'More Than I Ever Could Have Asked For ...'

As this year's Miss Rhode Island, 2L Abby Mansolillo is preparing not only for her final exams but also for the Miss America 2023 competition.

Michael M. Bowden
abby mansolillo
Miss Rhode Island (and RWU Law 2L) Abby Mansolillo. Image Credit: Daniel Gagnon

As most of the Roger Williams University School of Law community begins easing into the holiday season, 2L Abby Mansolillo is making her final preparations to complete as Miss Rhode Island in this year’s Miss America 2023 competition in December.

Mansolillo won the title and role of Miss Rhode Island this past May—but she still sounds very much like a law student as she recounts working with the RWU Law faculty and administration to rearrange her class and final exam schedules to accommodate the exciting event.

“Everyone was so understanding,” Mansolillo said. “They took the position, ‘Okay, this a once-in-a-lifetime opportunity.’ And it is!”

Mansolillo’s Miss Rhode Island win marked the culmination of a series of competitions dating back to her early teens. She told her hometown newspaper, the Smithfield, R.I., Valley Breeze, that these competitions “taught her discipline, tenacity, and resilience”—all strong traits for law school success as well. Her interests cross over in other ways as well: during the talent portion of the Miss Rhode Island contest, Mansolillo performed a monologue from the 2018 Ruth Bader Ginsberg biopic, “On the Basis of Sex.”

The educational implications spread ever further.

abby mansolillo
Image Credit:  Daniel Gagnon

“A lot of people don’t know that Miss America is a scholarship organization, so when you win your state you do receive a scholarship,” Mansolillo said. “It can go to student loans, or immediately toward tuition.” For winning the Miss Rhode Island title, Mansolillo received a $6,000 scholarship that she put toward her law school tuition—a boost that “aligns beautifully” with her aspirations in the legal profession.

 “I think I’ve always known in my heart that I would end up in law school,” she said. “I come from a family of attorneys. My grandfather Louis Jackvony once ran for Attorney General; my mom went to law school, too—so it’s kind of in my blood.”

But it was only during her senior year at Providence College, in the depths of the pandemic, that Mansolillo settled on law school as her next educational step.

“I was looking at different job opportunities, law firms that were hiring interns and paralegals, and I decided, ‘You know what? I’m going to law school,’” she said. “It was always a part of me, but I really had grow into that passion. So, I took the LSATs, and by May I knew I was going to RWU Law.”

She said her choice of Roger Williams was ultimately practical.

“I’m a Rhode Islander at heart,” she said. “I knew I didn’t want to be too far from home. My family’s here and I want to practice here. And of course, Rhode Island’s a small state and our legal community is even smaller—which makes for really great job opportunities and networking.”  

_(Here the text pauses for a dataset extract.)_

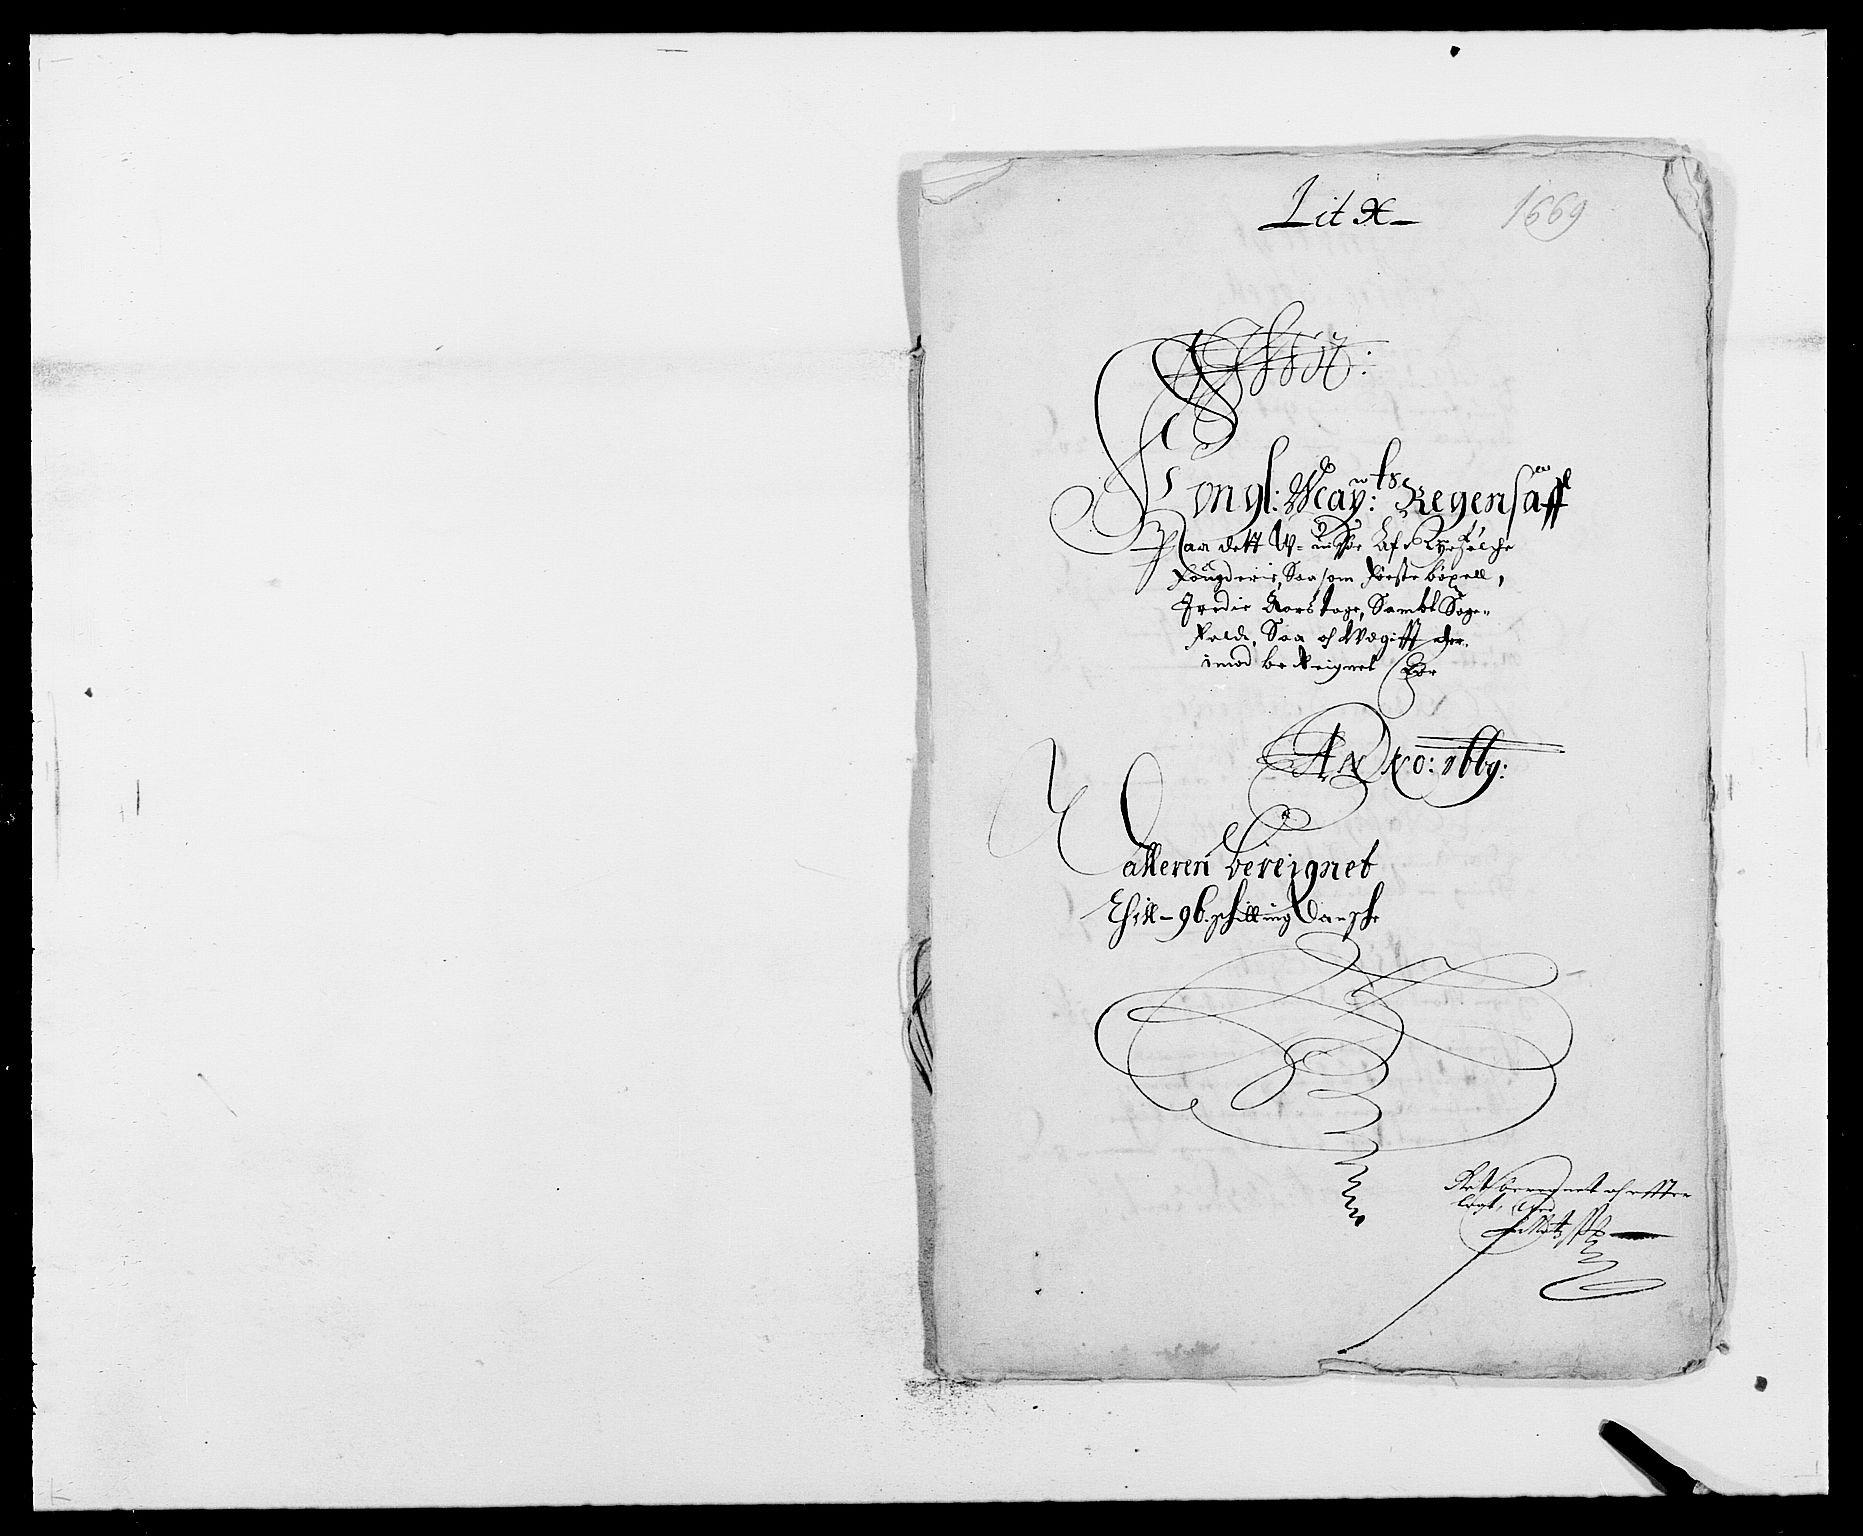 RA, Rentekammeret inntil 1814, Reviderte regnskaper, Fogderegnskap, R47/L2842: Fogderegnskap Ryfylke, 1665-1669, s. 160
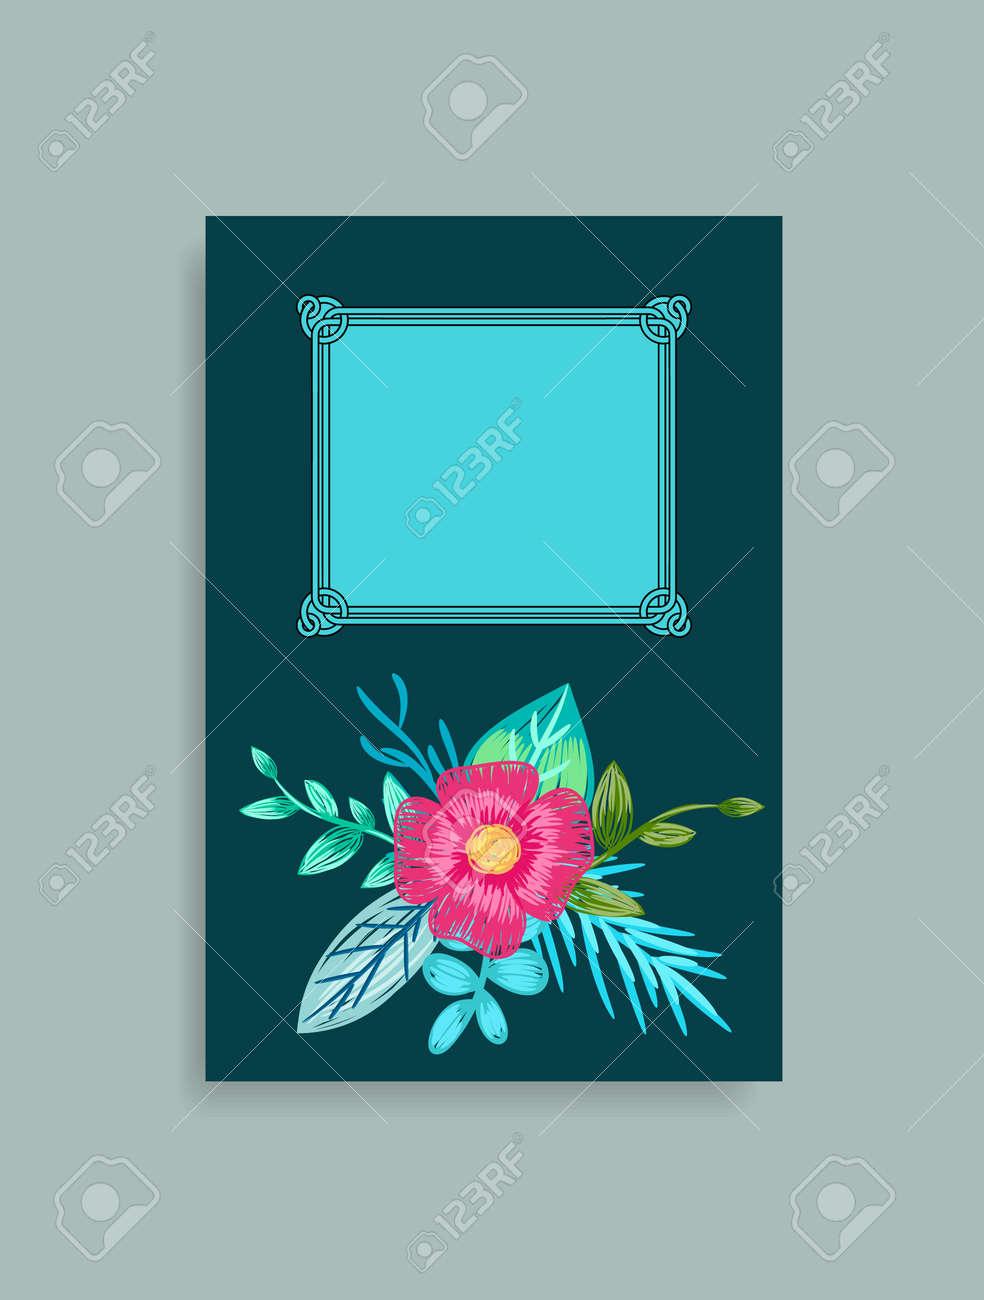 Couverture De Livre Design Avec Des Fleurs Dessinees A La Main Rose

Her current legal goals are to become a criminal prosecutor—and eventually, she added, to become the second female Attorney General in Rhode Island. (The first was RWU Trustee Emeritus Arlene Violet, who was AG from 1985 to 1987.)

Her experiences at RWU Law have only confirmed Mansolillo’s interest these goals.

“I interned this past summer in the Rhode Island Department of the Attorney General, working in the Narcotics and Violent Crime unit,” she said.. “It was the most rewarding experience, because—even though I’m still in law school and couldn’t practice yet—the supervisors that I had, the attorneys that I worked with, were so incredible and so brilliant. I learned so much from them and I just loved working there.”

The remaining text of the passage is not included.